The first option seems more user friendly. What do you think?

What about distribution base path?

The user would create a distribution first and then create a repository with a reference to that distribution. So the base_path would always be the one assigned to the distribution.

Actions #12

Updated by dalley over 3 years ago

The first option seems more user friendly. What do you think?

I think we're reimplementing Pulp 2 piece by piece lol. Not that it's the wrong strategy to take. I agree that it's probably simpler, it just leaves me questioning whether we should have done a few things differently from the beginning.

The user would create a distribution first and then create a repository with a reference to that distribution. So the base_path would always be the one assigned to the distribution.

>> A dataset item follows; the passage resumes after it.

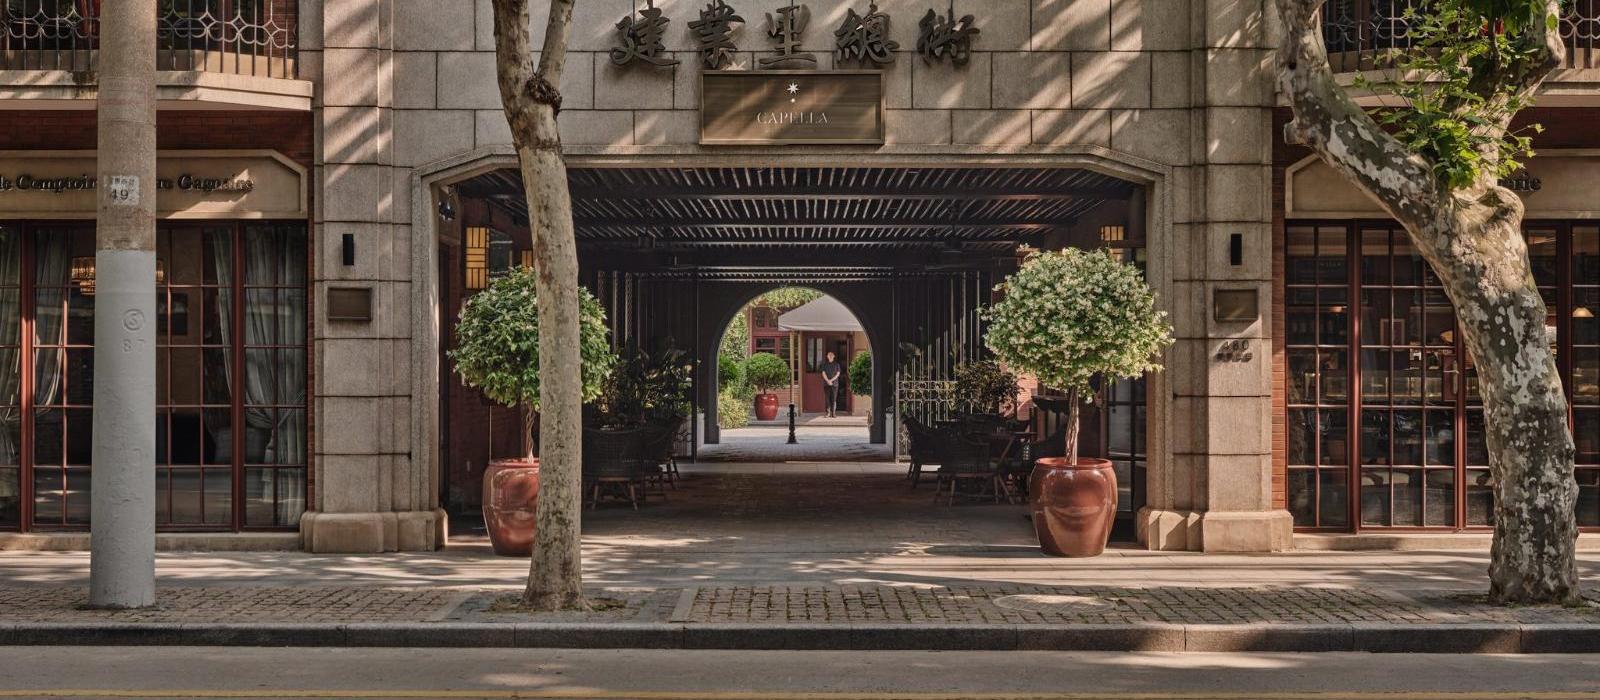 上海建业里嘉佩乐酒店(Capella Shanghai, Jian Ye Li) 图片  www.lhw.cn
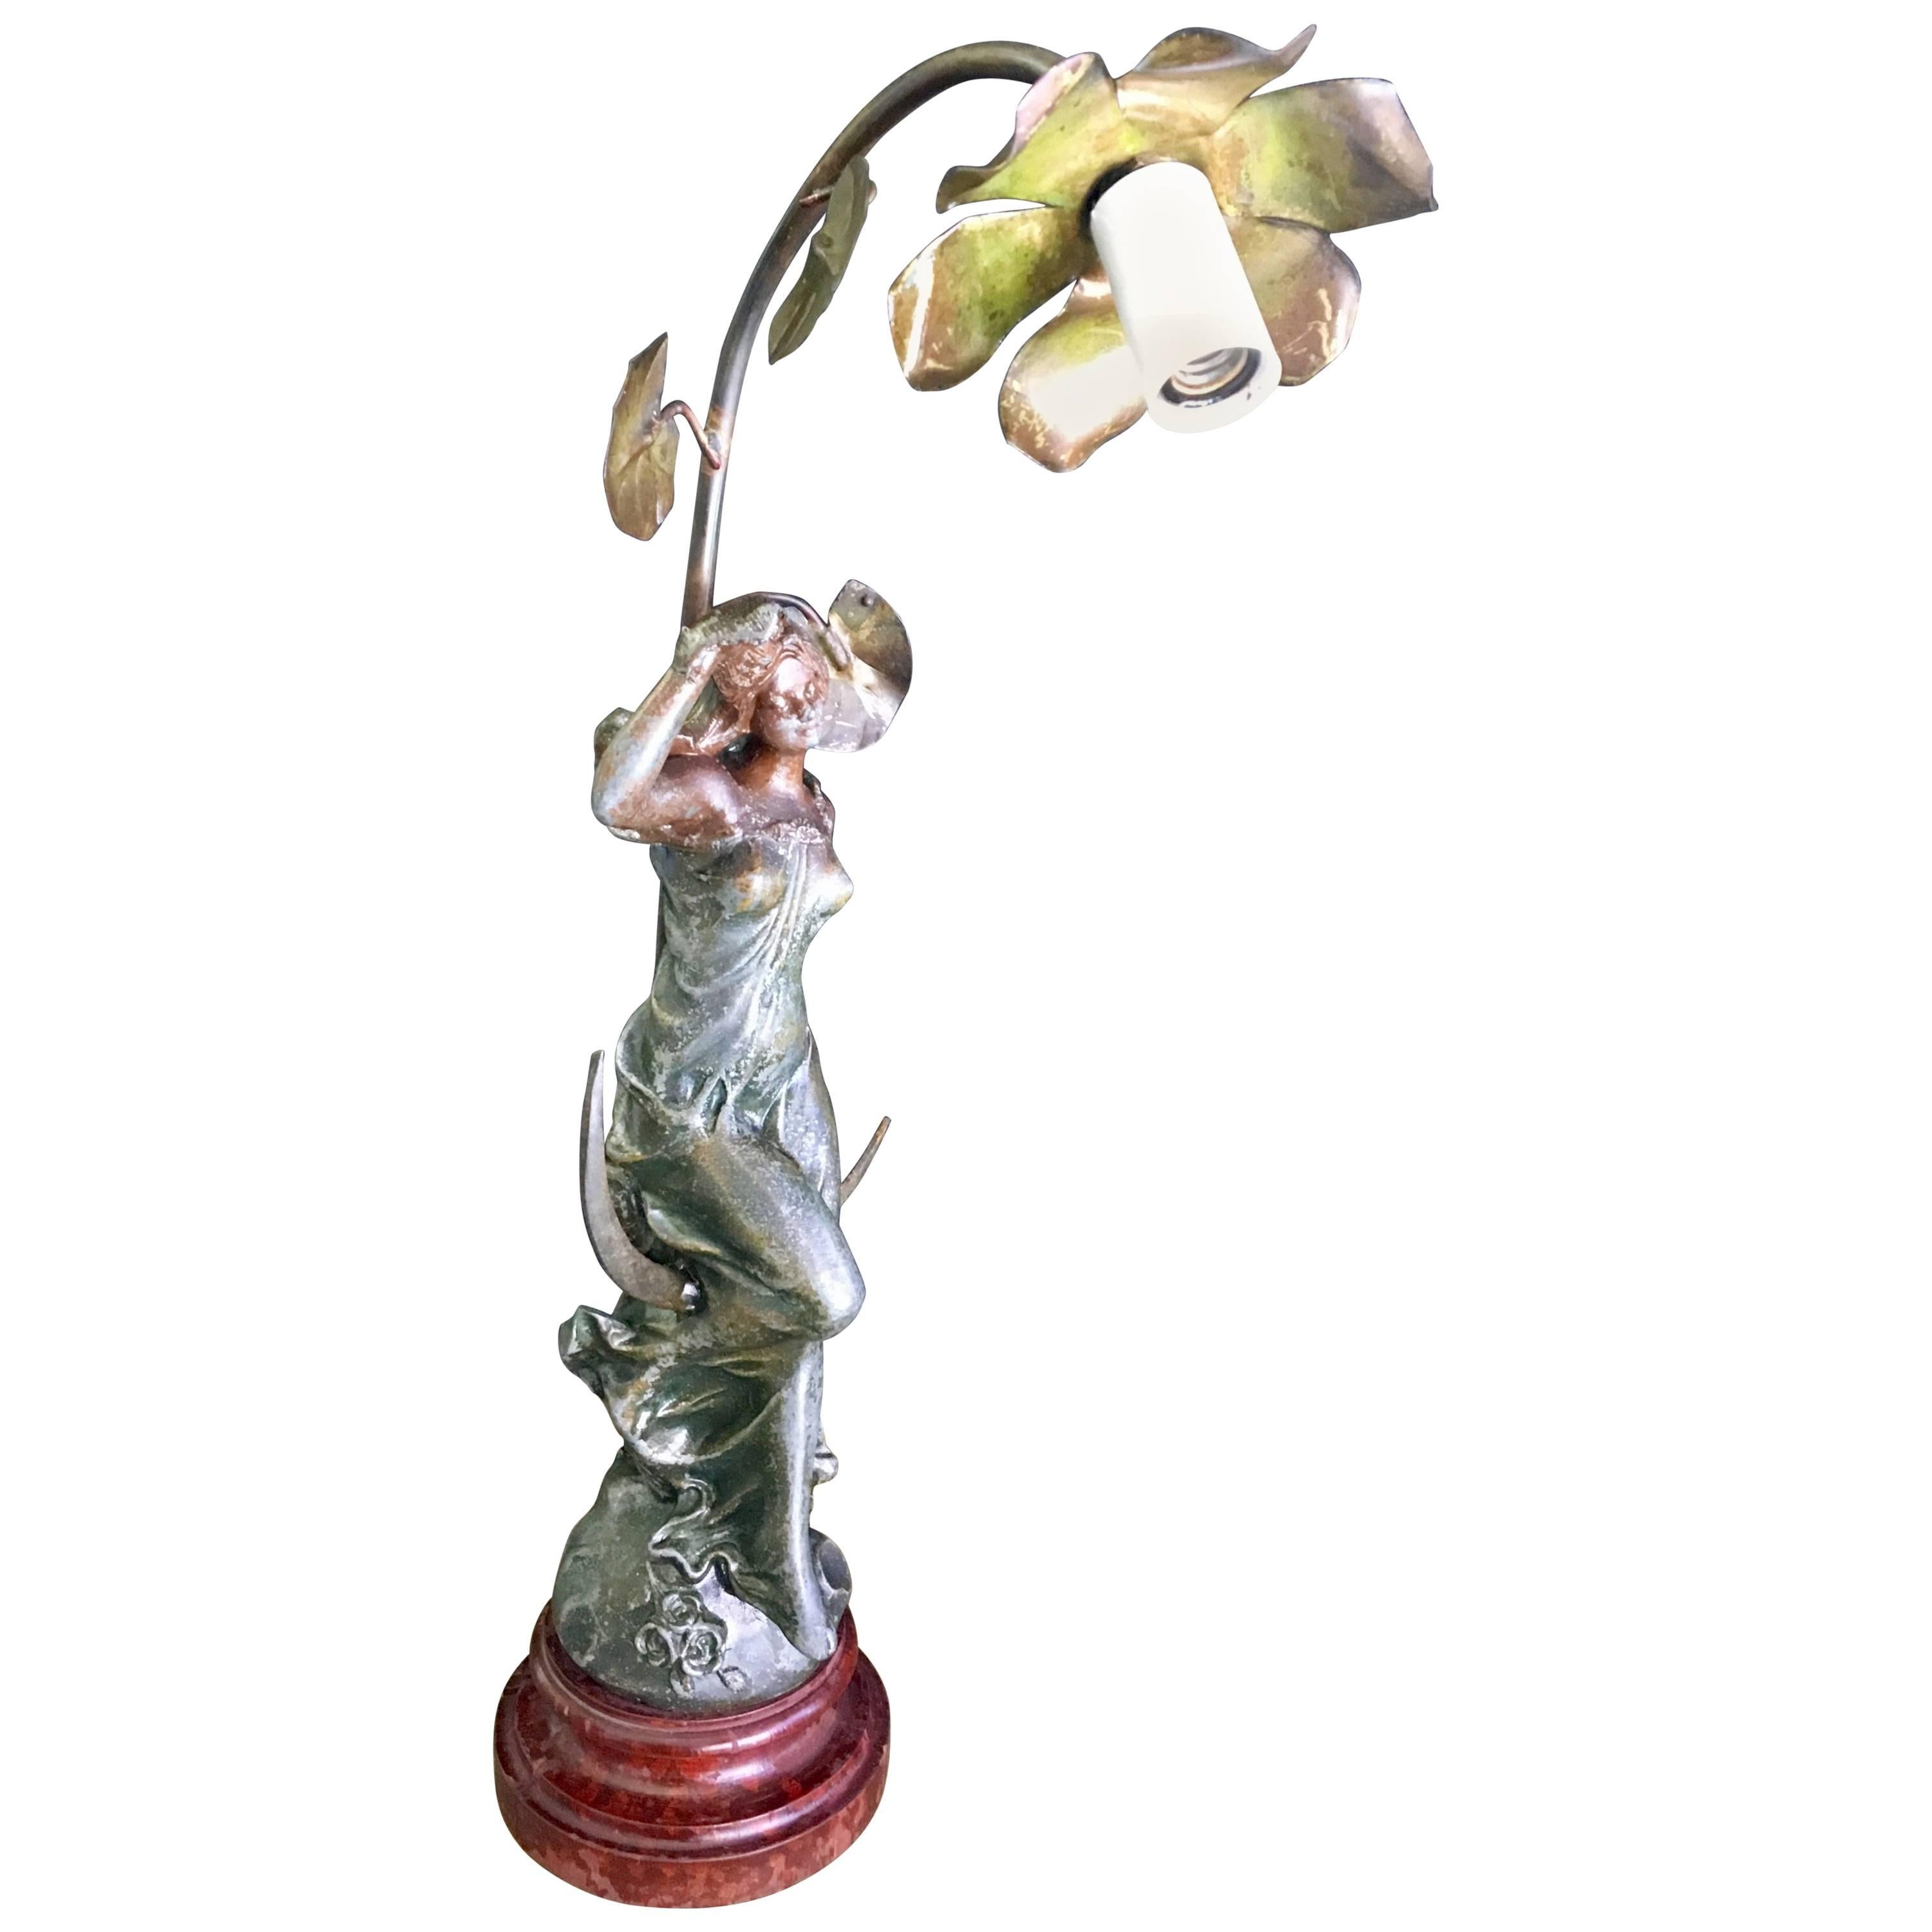 Seltene Jugendstillampe von Francois Moreau in gegossenem Metall und patinierter Bronzeausführung

This is a new relationship being created, right? I don't see it in the existing models.

Actions #13

Updated by daviddavis over 3 years ago

I think we're reimplementing Pulp 2 piece by piece lol. Not that it's the wrong strategy to take. I agree that it's probably simpler, it just leaves me questioning whether we should have done a few things differently from the beginning.

TBH, I was not a fan of when we stopped storing sync/publish options in the database. It requires users to somehow remember and recall them every time they sync/publish.

This is a new relationship being created, right? I don't see it in the existing models.

That's correct. The question is whether it belongs on the Repository model or on the FileRepository (ie in pulpcore or pulp_file).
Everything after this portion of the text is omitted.